Another emerging library initiative which avoids some of the problems of Z39.50 is the Open Archive Initiative, properly known as the Open Archives Metadata Harvesting Protocol (3). It originally evolved from a need to develop services permitting searching across preprint papers housed at multiple repositories. Wanting to avoid the interoperability and scaling problems of the Z39.50 model, the Open Archive Initiative proposes a model whereby metadata from a repository is harvested in a batch mode and then searched in a single database created from the harvests. The metadata would include a URL that points back to the objects described by the metadata. The design allows for metadata to be harvested either in total or based on simple criteria such as date or subject. A model like this would allow a mechanism by which data from an information vendor (the 'repository') could be batch-harvested and loaded into a portal or on-site database, and potentially integrated with data from other vendor sites who adhere to the same protocol. Although it sounds simple, in practice, as with Z39.50, the details are not simple. The protocol does not say anything about how often to harvest data or how to normalize data across databases, nor does it address any of the operational issues with acceptable-use policies or restrictions on harvesting.

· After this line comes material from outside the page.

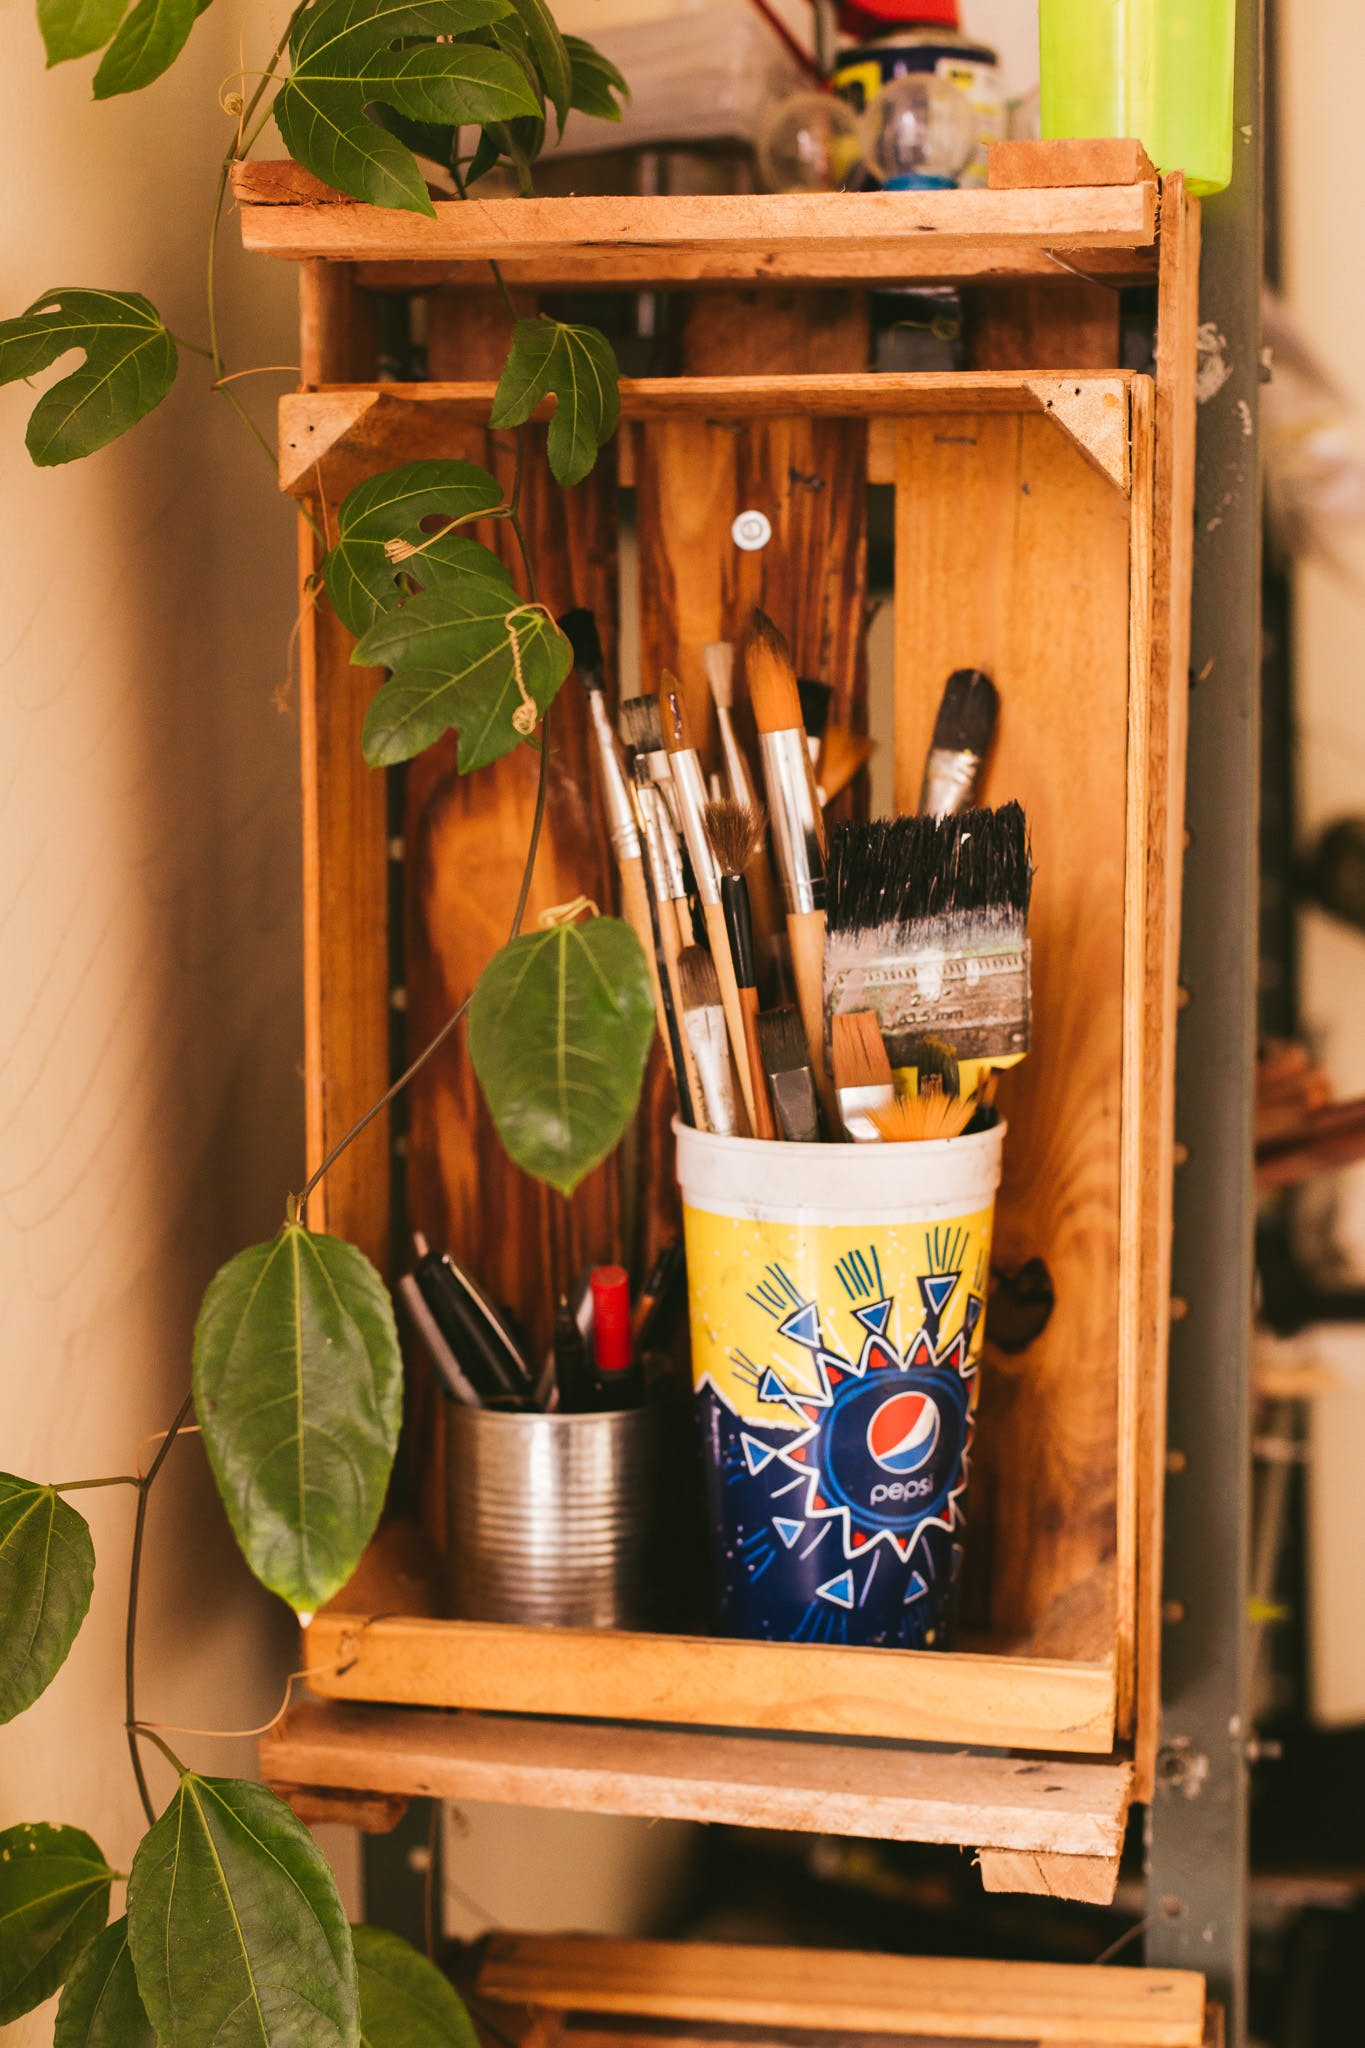 Paintbrush Set in White Container Inside Shelf

There is no infrastructure within the protocol to permit limited harvesting by specific partners - this would have to be built individually by the partners.

SOAP Standards

Moving from the library world back to the IT environment, the most promising development that could provide a cost-effective way for proprietary vendors to expose their content to portals, falls within the Web Services model in the form of the SOAP (Simple Object Access Protocol). A SOAP application or object is essentially an API in the form of an XML document that sends a request using the http protocol from one computer to an application on another, instructing that application to do something (such as perform a search and return documents). Advantages of SOAP over proprietary APIs are its simplicity (communications through XML documents) and flexibility (a SOAP is platform and language independent, so any shop's programmers can communicate via SOAP with another shop's system even if the platforms and programming languages in use at the two sites are dissimilar). There is a group trying to develop a SOAP-based web portlet service standard, called WSRP (Web Services for Remote Portals), which would allow service providers (vendors) to implement to a common plug-and-play interface. JSR168 is another Java-based portlet standard in early stages (4).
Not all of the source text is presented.